A family of seven radiations, including visible light

2

What does a beam of electromagnetic radiation contain?

'Packets' of energy called photons

3

Complete the sentence:

The higher the frequency of an electromagnetic radiation...

...the more energy is transferred by each photon

4

All electromagnetic radiation travels at the same finite speed of what?

300,000km/s through space (a vaccum)

5

Name 3 high energy photons, in order from lowest to highest.

Ultraviolet rays, x-rays, gamma rays

6

Name 3 low-energy photons, in order from lowest to highest.

Radio waves, microwaves, infrared

7

Name all 7 types of electromagnetic radiation in order from lowest energy photons to highest.

Radio waves, microwaves, infrared rays, visible light, ultraviolet rays, x-rays, gamma rays

8

The general model of radiation shows how energy travels from a ______ that _____ radiation, to a _______ that ____ radiation.

- Source
- Emits
- Detector
- Absorbs

9

On the journey from _______ to _______, materials can _______, ____ or _________ radiation.

- Emitter
- Detector
- Transmit
- Reflect
- Absorb

10

Give an example of how on the journey from emitter to detector, materials can transmit, reflect or absorb radiation.

Clouds absorb and reflect the Sun's energy, so on a cloudy day, we receive less light than on a clearer day.

11

Give an example of a) an emitter and b) its detector for radio waves.

a) TV transmitter
b) TV aerial

12

Give an example of a) an emitter and b) its detector for microwaves.

a) Mobile phone mast
b) Mobile phone

13

Give an example of a) an emitter and b) its detector for infrared waves.

a) Remote control
b) Television

14

Give an example of a) an emitter and b) its detector for light.

a) The Sun
b) The eye

15

Give an example of a) an emitter and b) its detector for ultraviolet rays.

a) Ultraviolet lamp
b) The skin

16

Give an example of a) an emitter and b) its detector for x-rays.

a) X-ray machine
b) Photographic plate

17

Give an example of a) an emitter and b) its detector for gamma rays.

a) Some stars (e.g. supernova)
b) Gamma ray telescope

18

What is the intensity of electromagnetic radiation?

The energy arriving at a square metre of surface per second

19

What does intensity of electromagnetic radiation depend on?

The number of photons delivered per second and the amount of energy each packet contains, i.e. the photon energy

20

a) Does the intensity of a beam increase or decrease with distance?
b) What does this mean?

a) The intensity of a beam decreases with distance
b) The further from a source you are, the lower the intensity.

21

When a material absorbs radiation, what is created?

Heat

22

When a material absorbs radiation, heat is created. What 2 things does the amount of heat created depend on?
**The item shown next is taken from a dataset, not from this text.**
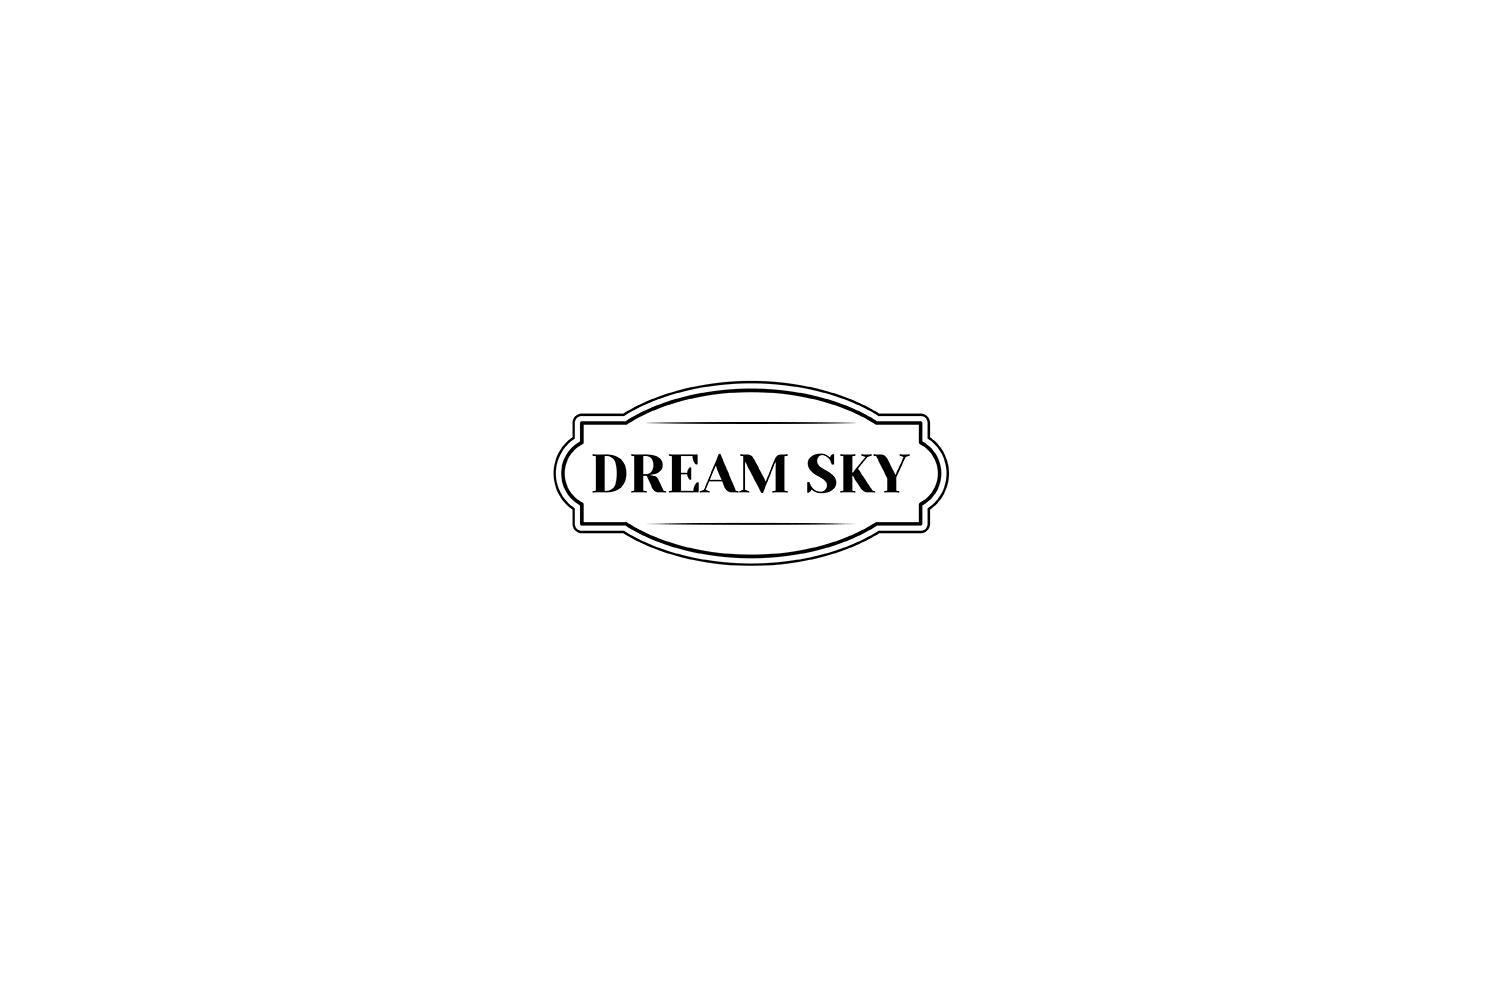 DREAM SKY

- The intensity of the radiation beam
- The duration of the exposure

23

a) The decrease in the intensity of radiation with distance is due to what 3 factors? (HT)
b) Why would these factors combine? (HT)
c) What does this result in? (HT)

a) - Photons spread out as they travel
- Some photons are absorbed by particles in the substances they pass through
- Some photons are reflected and scattered by other particles.
b) To reduce the number of photons arriving per second at a detector
c) A lower measured intensity

24

What is ionising radiation?

Electromagnetic radiation with a high photon energy

25

What can ionising radiation do?

Break molecules into bits called ions

26

When molecules are broken into bits by ionising radiation, what are the resultant 'bits' called?

Ions

27

Give some examples of ionising radiation.

- Ultraviolet radiation
- X-rays
- Gamma rays

28

Are ions unreactive or very reactive? (HT)

Very reactive

29

Ions are very reactive which means? (HT)

They can easily take part in other chemical reactions

30

Give 3 ways in which radiation damages living cells.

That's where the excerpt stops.